7 comments to For Providers

  • Thank you for sharing your story! I feel as though we are kindred spirits in our efforts to be our own best health care advocate. It saved my daughters life last year (you can read more about her at http://www.NeelysMiracle.com)

  • I give seminars to seniors about being a Patient Advocate. Thank you for bringing Patient Advocacy to the providers attention in such a compelling manner.

  • Dave Ekrem

    Hi Dave,

    I really enjoyed the talk you gave at Grand Rounds here at Mass General. I got a lot out of it, but I did have one big question at the end. When you got the initial diagnosis, you went into research mode in a big way, which is admirable. But I thought, “This guy’s an MIT grad, he’s obviously smart, and he’s got top-notch research and communications skills.” Same thing with the other presenter that day–smart, well educated, organized, great communicator.
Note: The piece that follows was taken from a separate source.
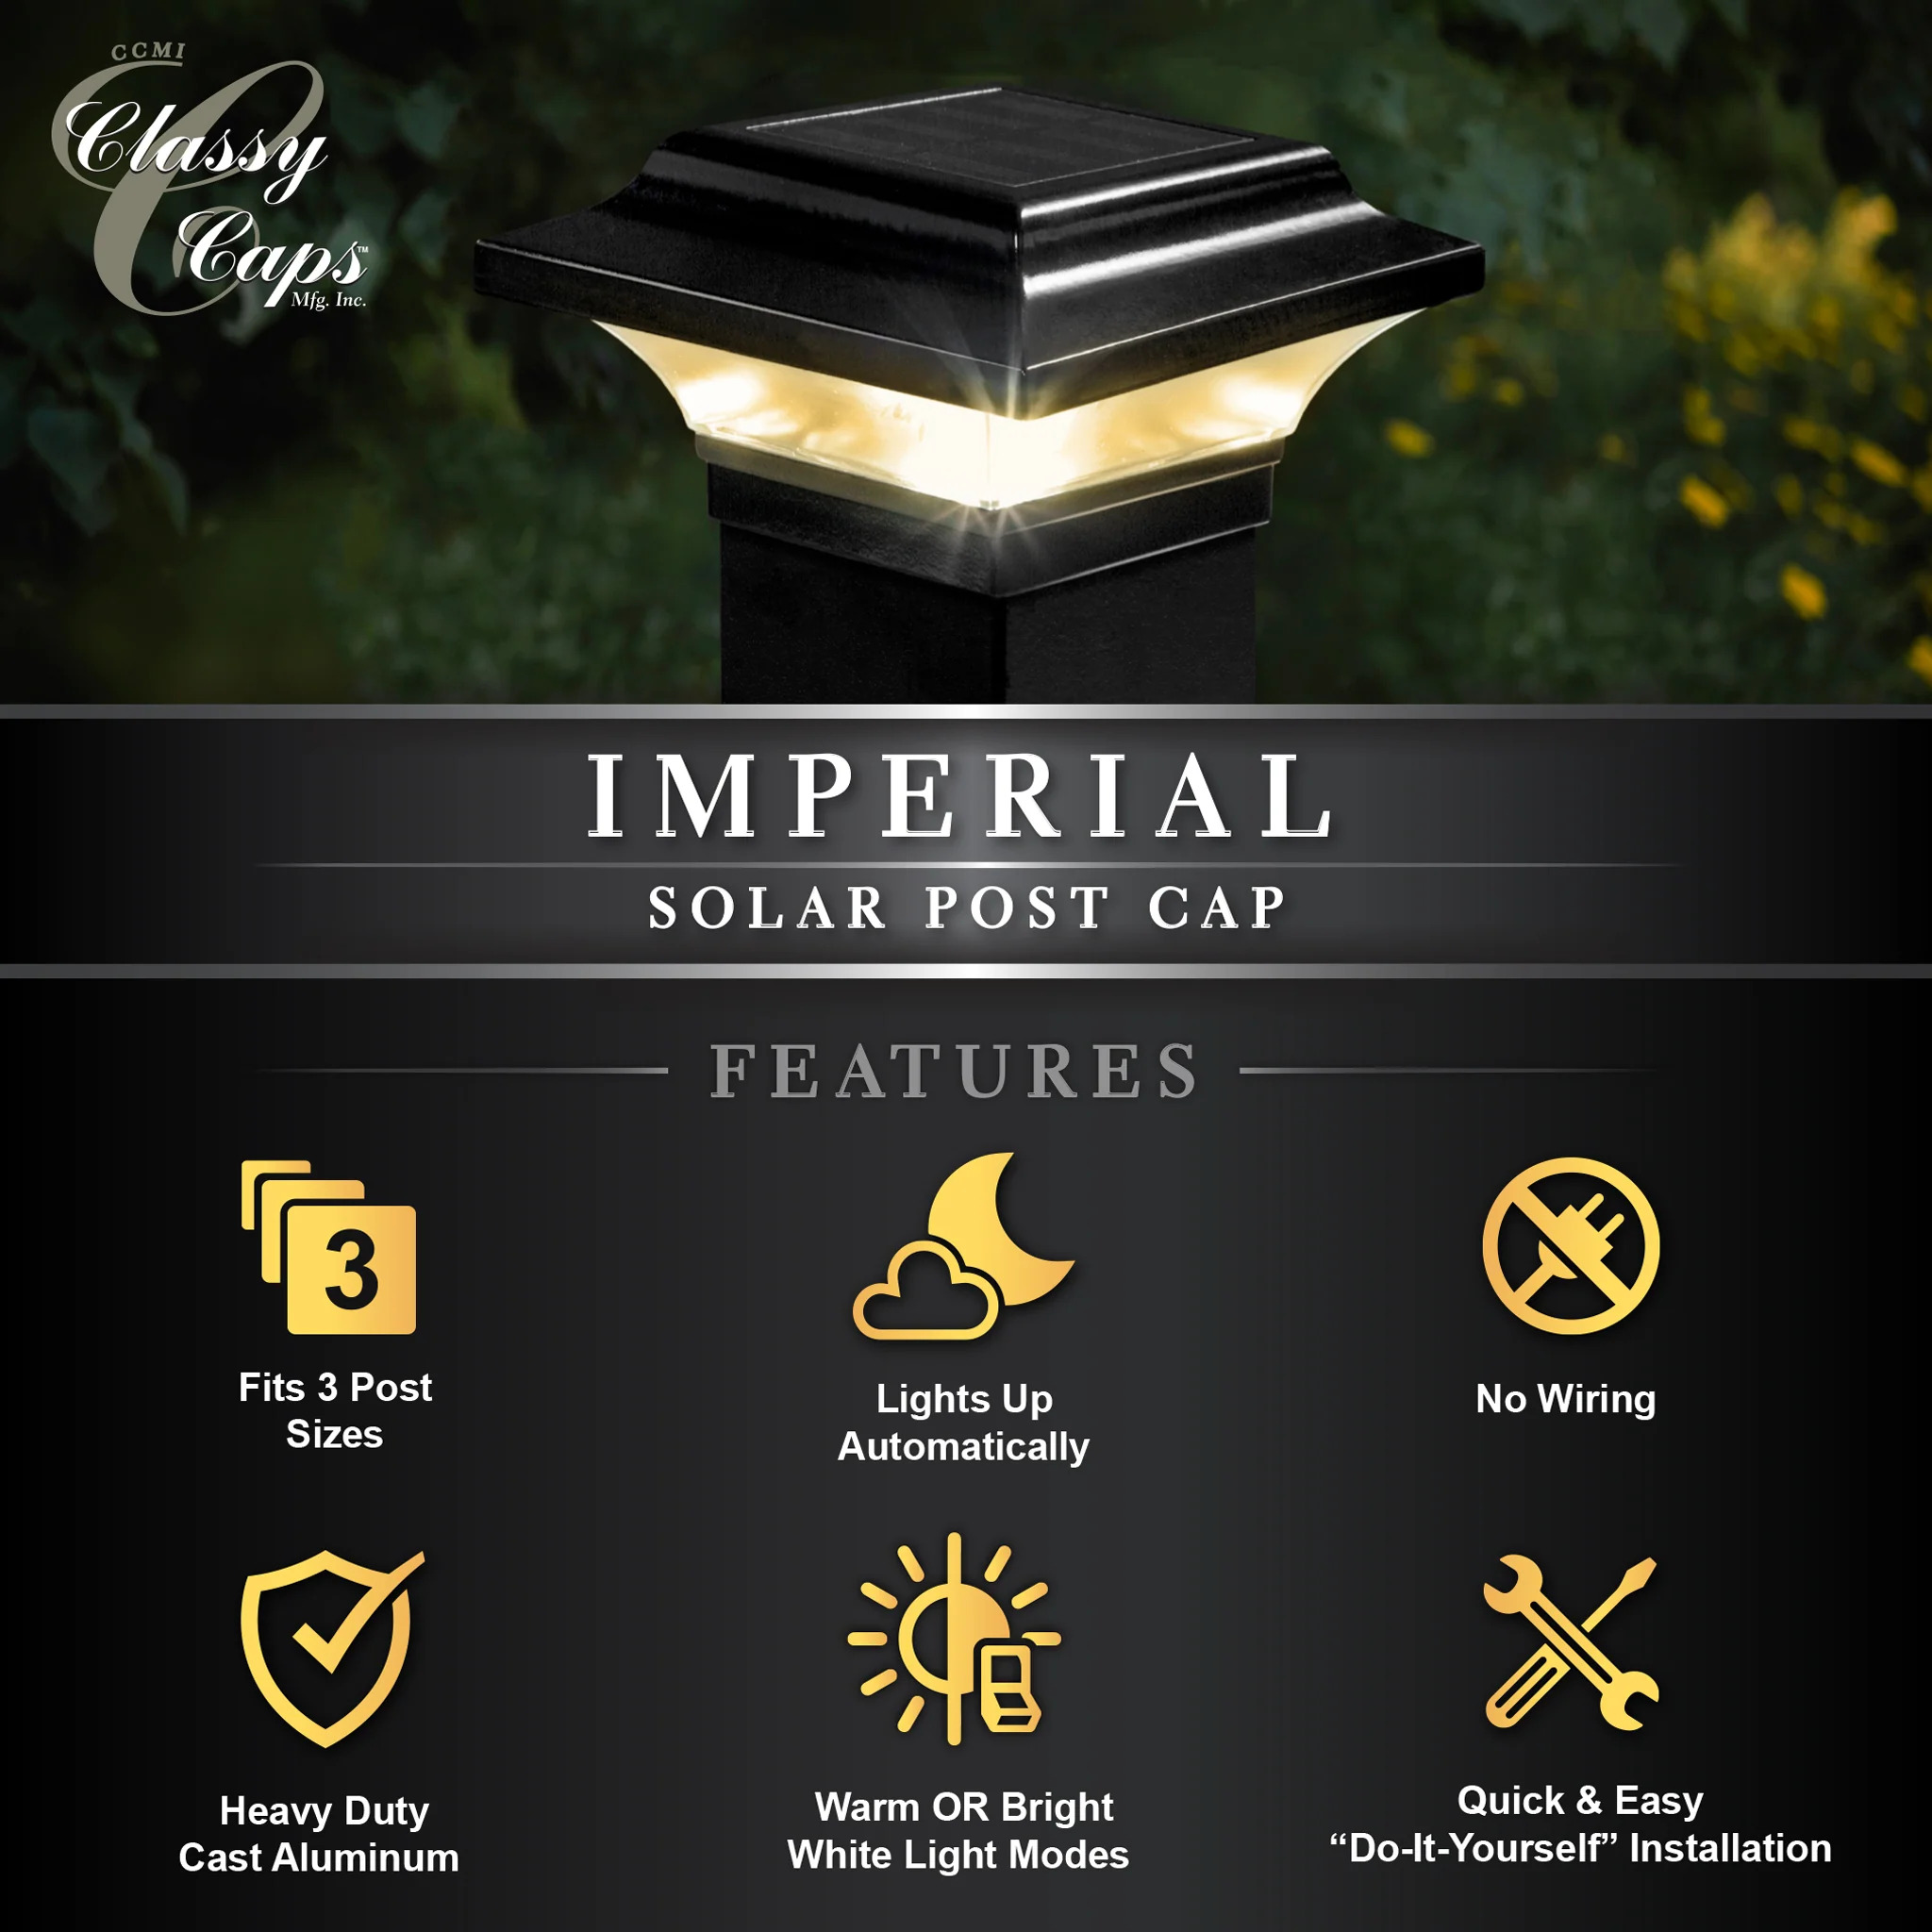 Classy Caps Solar Post Caps - Features

    My question is this–what about folks who lack those advantages? Do you know if there are resources/recommendations for institutions that want to empower e-patients who might not be self-starters? I just ordered “Laugh, Sing, Eat Like a Pig.” Might find the answers there. Thanks again for the talk!
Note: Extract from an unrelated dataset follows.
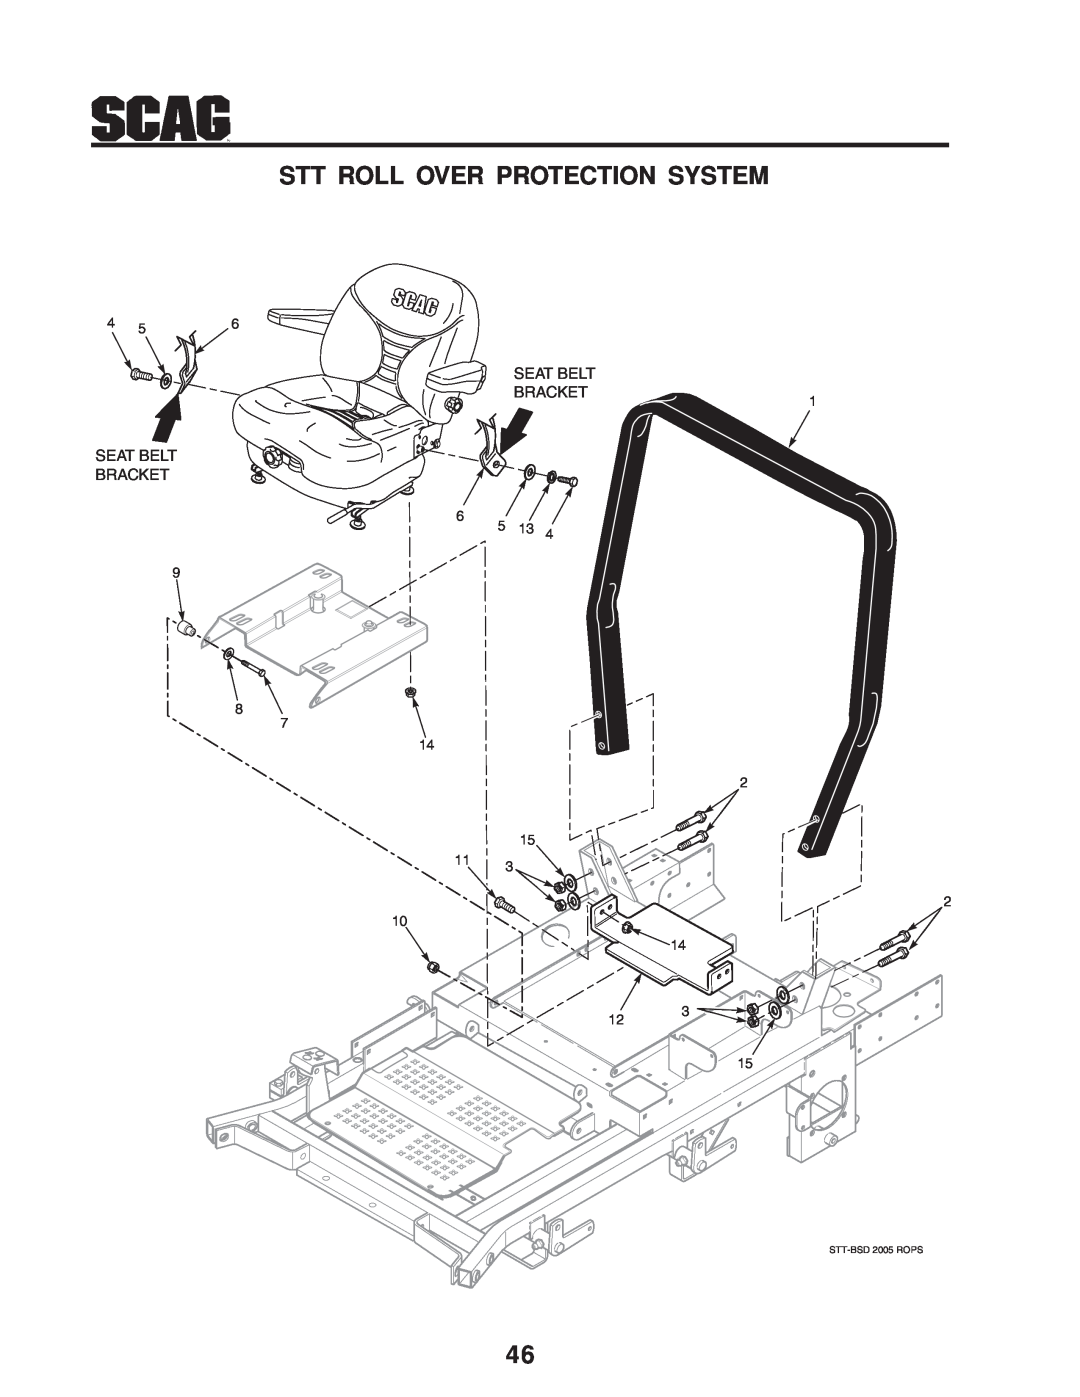 Scag Power Equipment STT-31BSD Stt Roll Over Protection System, Seat Belt Bracket Seat Belt Bracket, STT-BSD 2005 ROPS

    Dave Ekrem (opinions are my own, of course)

    • e-Patient Dave

      Dave, over the weekend I posted on e-patients.net about a new poster that was shown last week at the ICSI / IHI Colloquium. Safety net populations do benefit from online PHRs.

      Included are the poster (PDF) and a short video with the poster’s author.

      I debated whether to post it here or there (the Society’s blog) and decided it’s germane to the broader participatory medicine audience.

    • Hello,

      I only just now found this site and read your post. I don’t know if what we do helps your cause but Kinergy Health offers Navigators who become part of the patient’s online community. Their mission is to link the patient to trusted research, facilitate communication with their care team, and keep the patient from having to acquire the skills of a care manager. They are there to help the patient frame the questions, access the answers, prioritize actions and connect their care team. I’d be happy to chat if you thought this model might be of help.

  • Dear Dave,
    I am currently working on a business model for a joint patient record system where physicians and patients contribute data into. One of the many issues of such a model is that doctors don’t have an incentive to share the data they created, even worse, they may deliver evidence to patients who are going to sue them. I really support the idea of empowered patients, but many physicians will see them as professional threat. Of course there will be physicians who support the idea and collaborate with patients, but they will probably stay a minority. So what can we give physicians in return for their data?
    Alex

  • Ben

    Dear Dave,

    I don’t mean to answer wilms question addressed to you, only to speak on this a little from a perspective of a new physician in the field.

    I think the precarious nature of the ownership of data is at question when a situation like the sharing and feeling like a practitioner is setting themselves up. One could certainly feel that the evidence of fault may be revealed in free access to the data, but this brings two things into light: 1) could the free access to the data have prevented a poor outcome? In other words, empowering patients to help themselves can most certainly prevent poor outcomes. 2) Though the data (i.e. progress notes, Office notes, etc) are generated from the practitioner and feel like professional or working data, it is written in a patient’s chart. When I am writing a note in a patient’s chart, the assumption is that they will be able to see this note at anytime and most time I speak what I am writing with the patient so they know what is written on and for them.

    All-in-all, I think this is where all health data is driving, back to the patient. This is a good thing. We physicians are becoming more and more of a consultant/advisor then ever, and I believe this is for the better health of our patients.